At the beginning of summer, hundreds of students at Lyman High School in central Florida went home with yearbooks, ready to look back on the best moments and memories of the school year they had just wrapped up. However, all was not smooth sailing as controversy regarding a particular page focused on LGBTQ identities erupted almost instantaneously. 

The page in question was headlined “Words to live by” and featured definitions for various terms describing sexual orientations and gender identities, such as “genderfluid”, “pansexual” and “cisgender”. The definitions were shown alongside photos of students with quotes describing how students across the Lyman campus felt about inclusivity and representation of LGBTQ identities. 

“I think [the spread] was valuable,” senior Luke Satterlee said. “It made the students feel safe in their skin and respected by themselves.”

Some parents of students took issue with the spread, claiming that the content was inappropriate and contributed to the sexualization of minors. Enough complaints were made to result in the yearbook being taken under review by the district. The controversy took place almost a year exactly after a separate one regarding the Lyman yearbook’s inclusion of photos from student protests of the Florida HB 1557 bill, dubbed by some as the “Don’t Say Gay” bill.

“I think it’s hypocritical to get mad at the yearbook,” senior Sarah Cillo said. “Hashtag freedom of the press. It’s the right of free speech so I feel like people shouldn’t get upset about one or two pages in the yearbook.”
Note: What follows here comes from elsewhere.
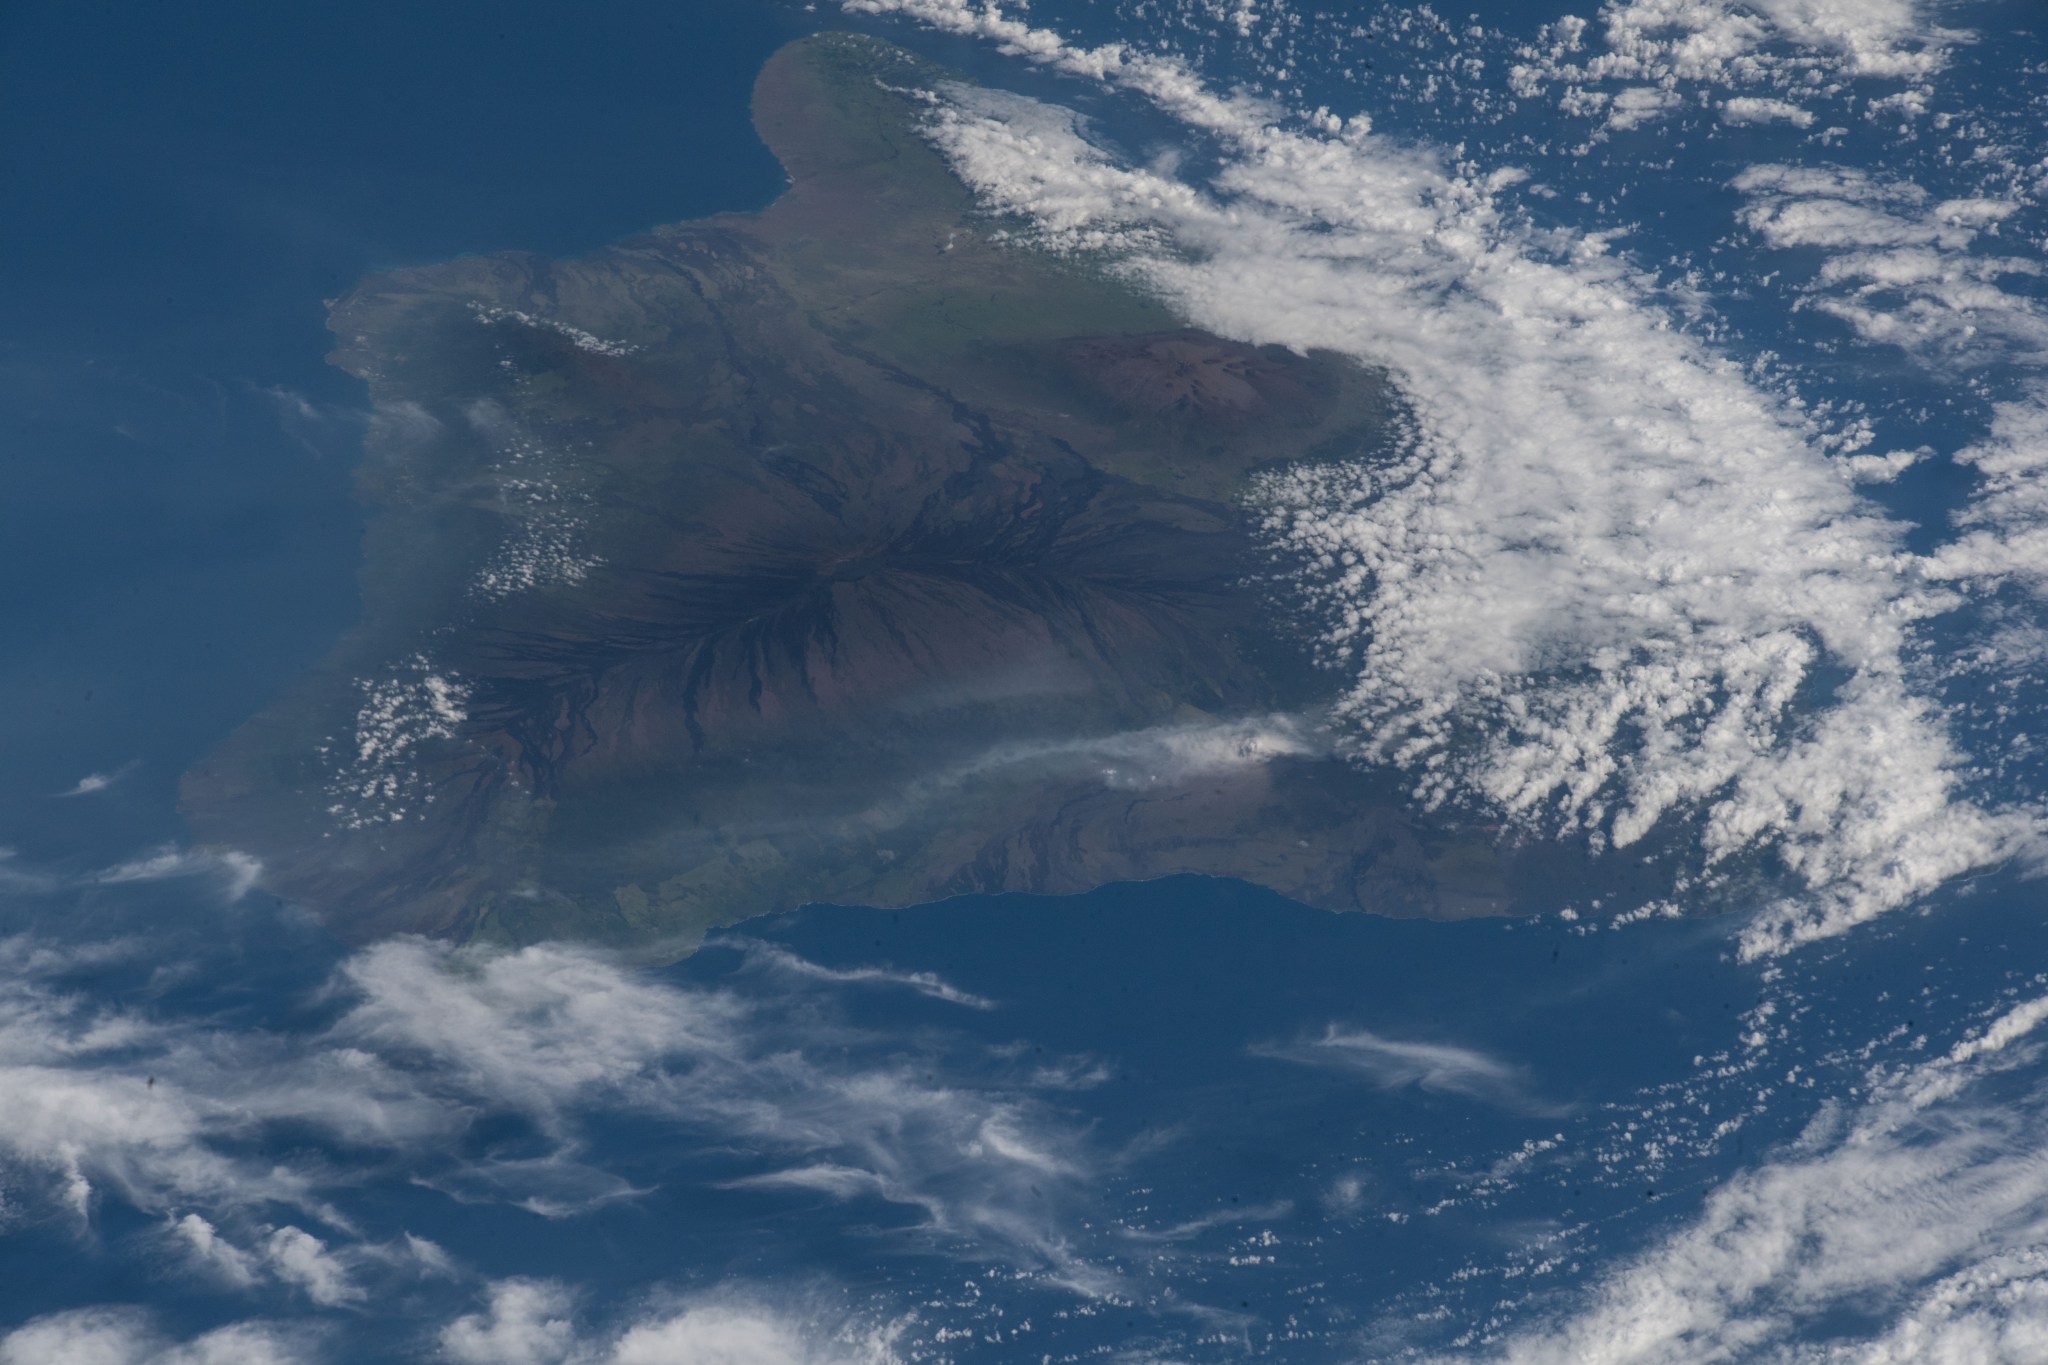 The ash plume from the Kilauea volcano on the big island of Hawaii was pictured May 12, 2018, from the International Space Station. The ash is gray over the green and brown landmass, all surrounded by bright blue water.

Ultimately, parents were provided with the options of returning the yearbooks for a full refund or requesting an exchange for a re-printed version of the yearbook that did not include the contentious page. With a general agreement over whether or not it is right to feature such divisive topics in a school yearbook still having not been reached, it is possible that issues like this will continue to arise for any publications that try to feature such topics in their content.

“I think the effects of this are pretty negative, only in the aspect of it separating people,” art history teacher Ronni-Marie Villanueva said. “I feel like we should all respect one another, and it doesn’t hurt to understand where someone is coming from, even if you don’t personally believe in those things. We can all just take our biases and put them somewhere else.”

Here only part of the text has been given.